• _WHAT YOU NEED TO DO_
Output, exactly as written, the lines below from the one that has "Development of a" through the one that has "Kavyx Mala Necklace"; nothing else, and no pictures.

• _DATA TO PROCESS_
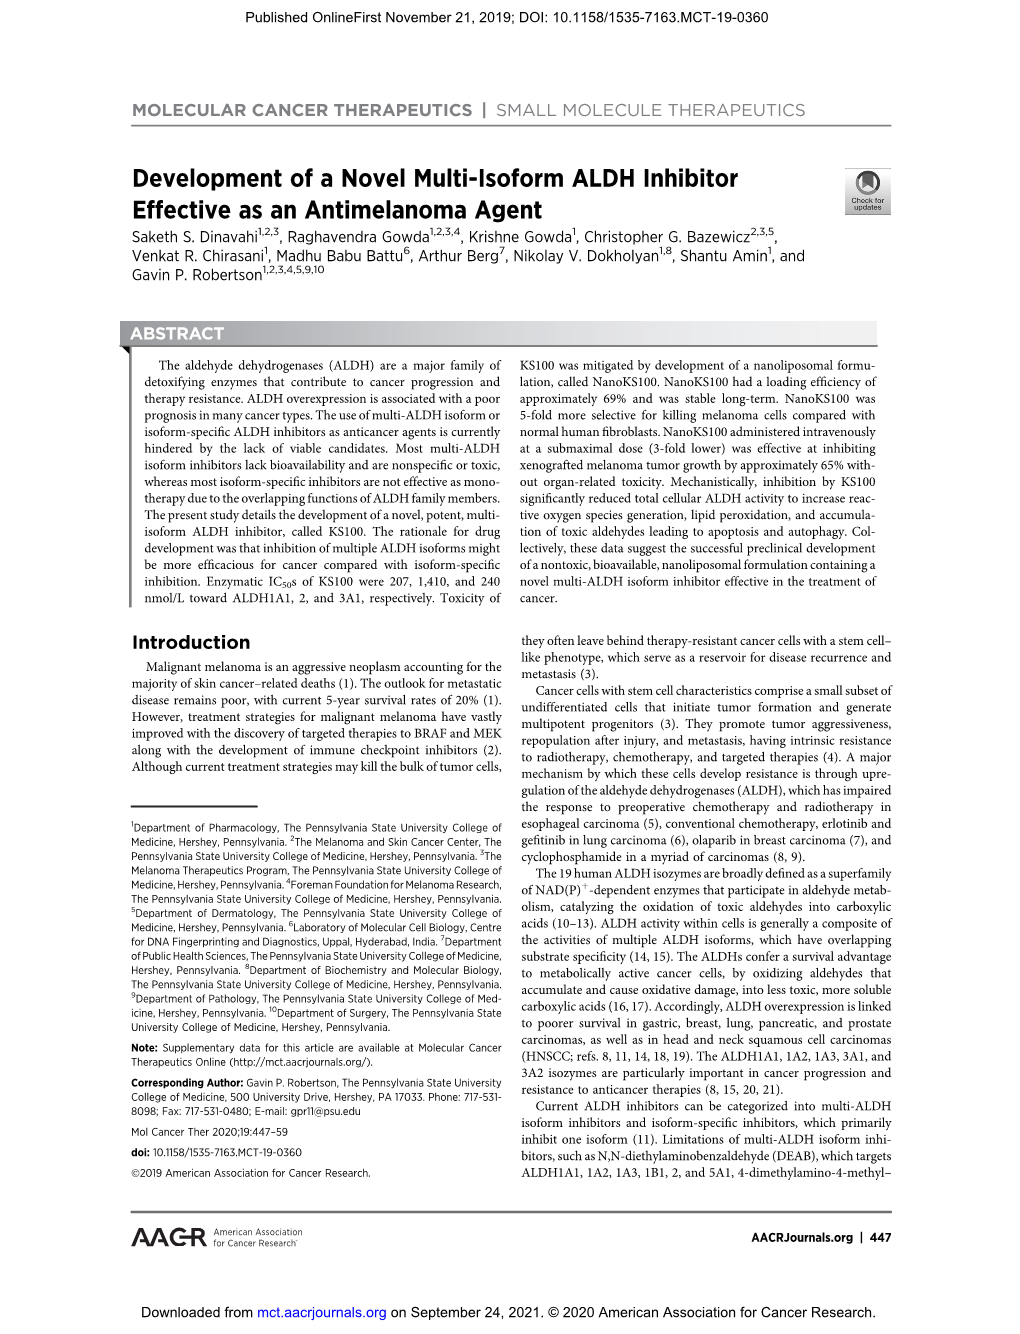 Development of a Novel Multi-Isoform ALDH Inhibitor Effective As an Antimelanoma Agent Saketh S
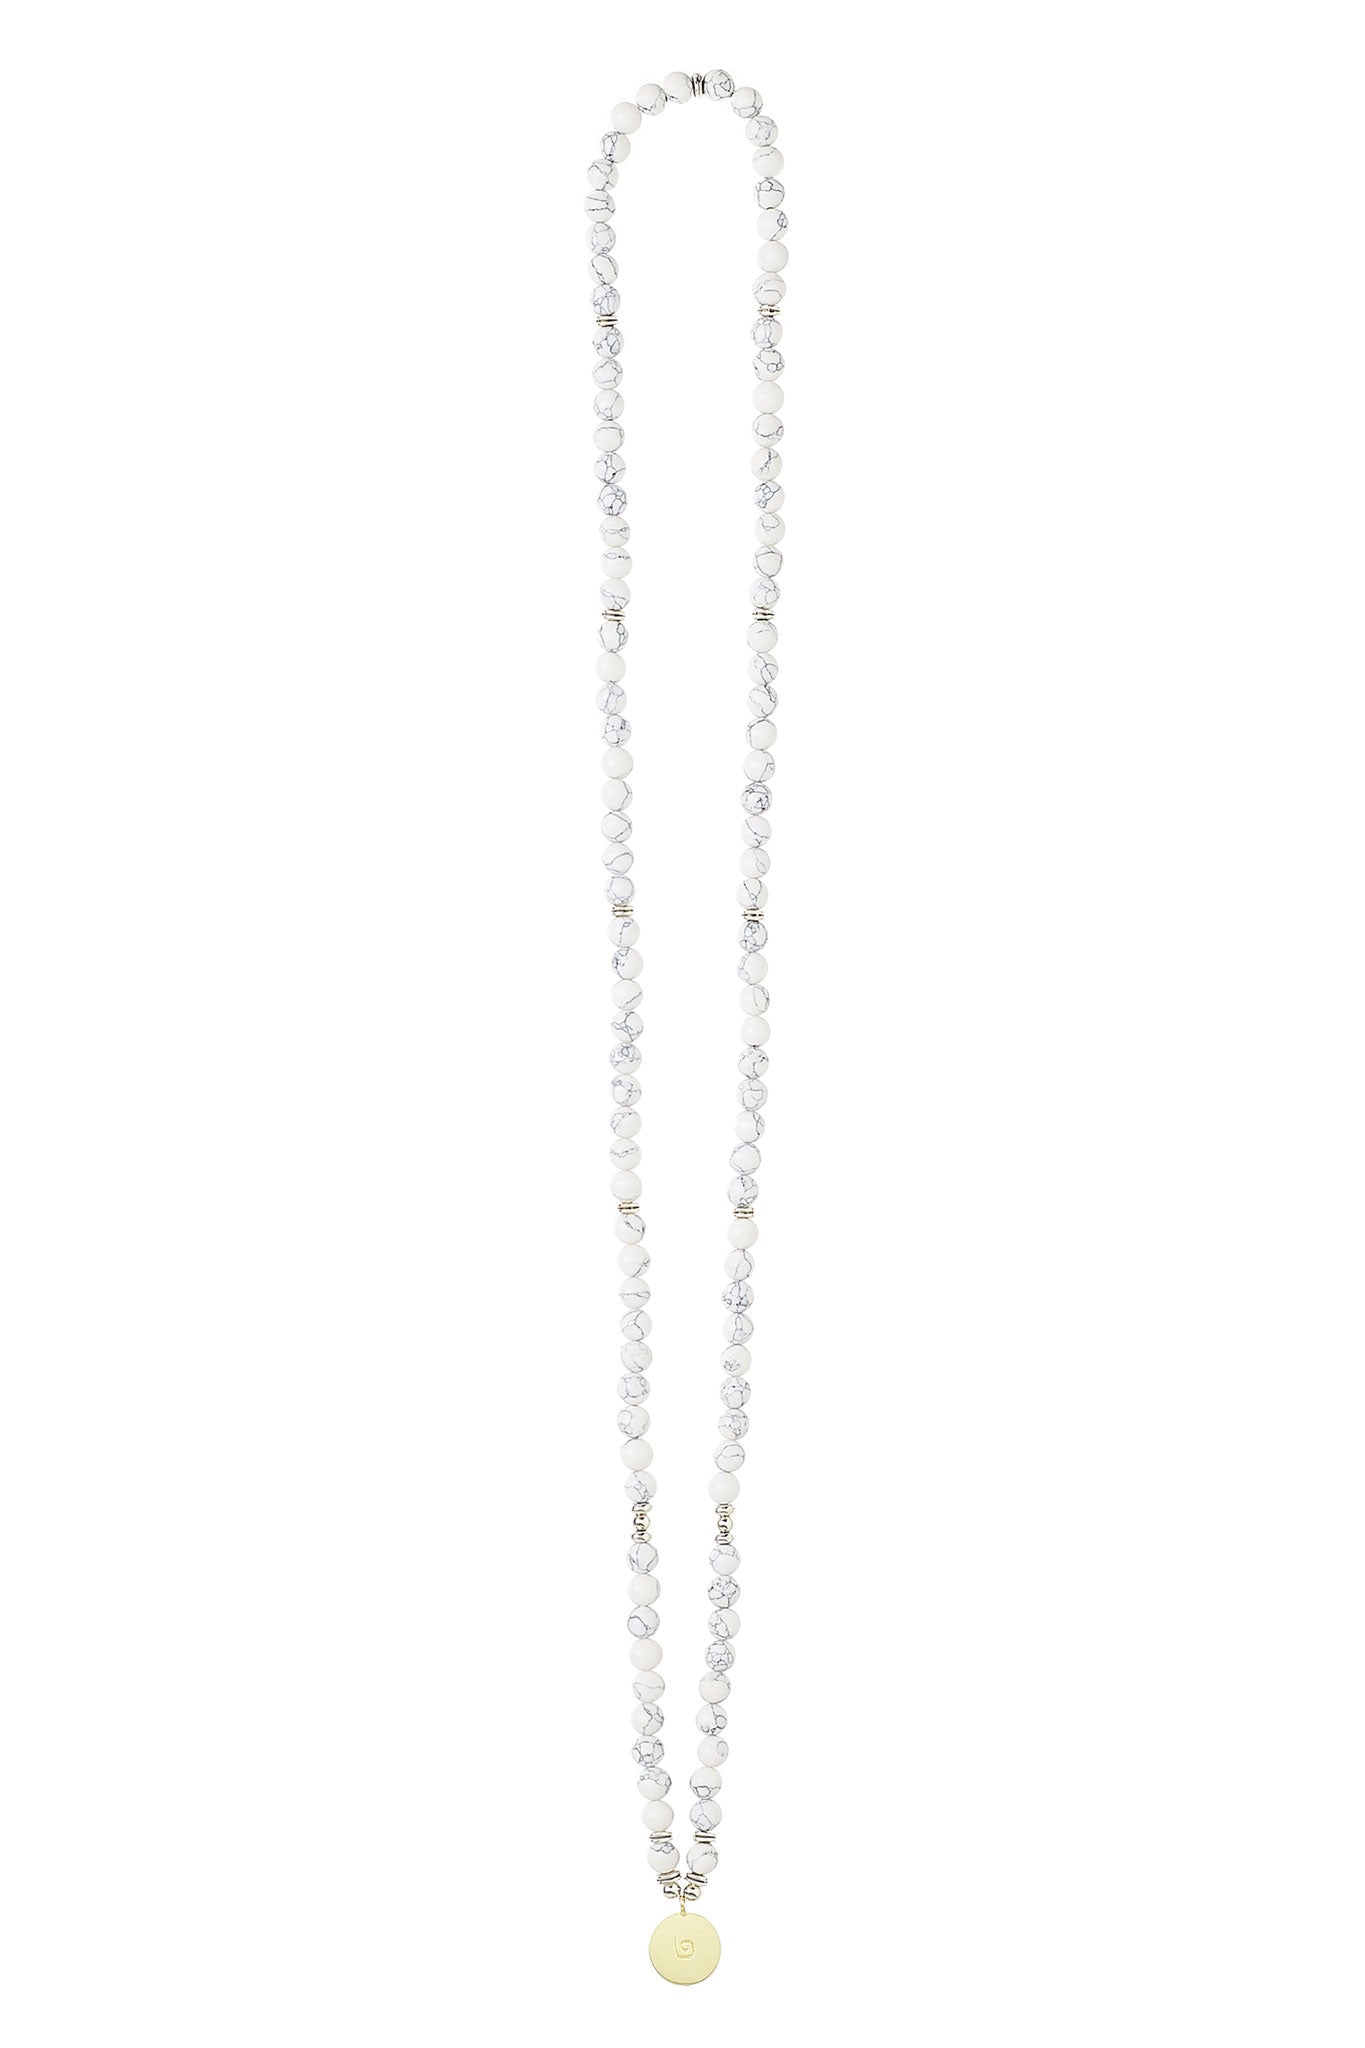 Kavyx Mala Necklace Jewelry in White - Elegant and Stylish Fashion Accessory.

...

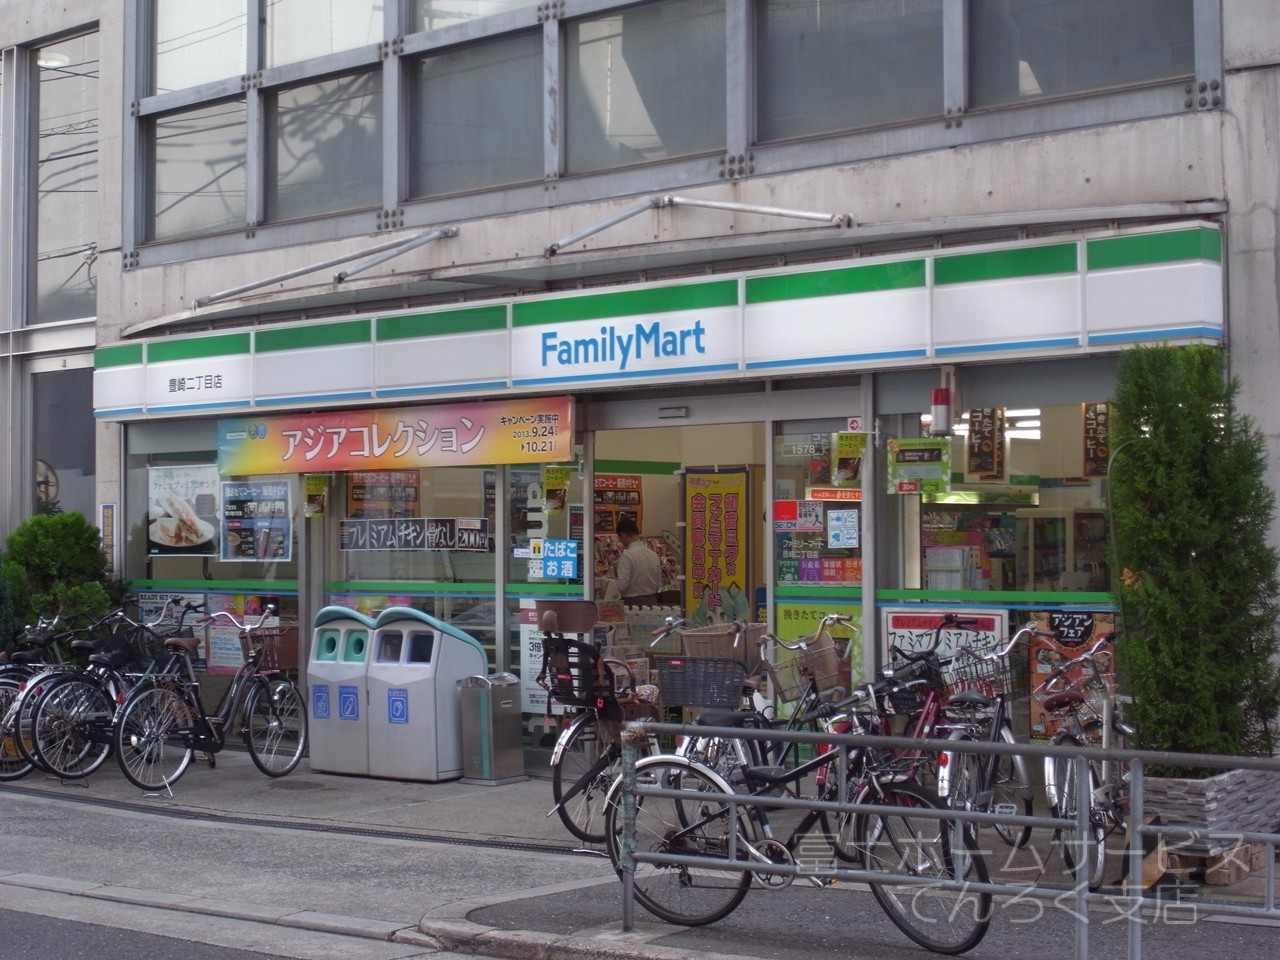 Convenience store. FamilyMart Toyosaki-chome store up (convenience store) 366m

• _ANSWER BELOW_
 Development of a Novel Multi-Isoform ALDH Inhibitor Effective As an Antimelanoma Agent Saketh S
 Kavyx Mala Necklace Jewelry in White - Elegant and Stylish Fashion Accessory.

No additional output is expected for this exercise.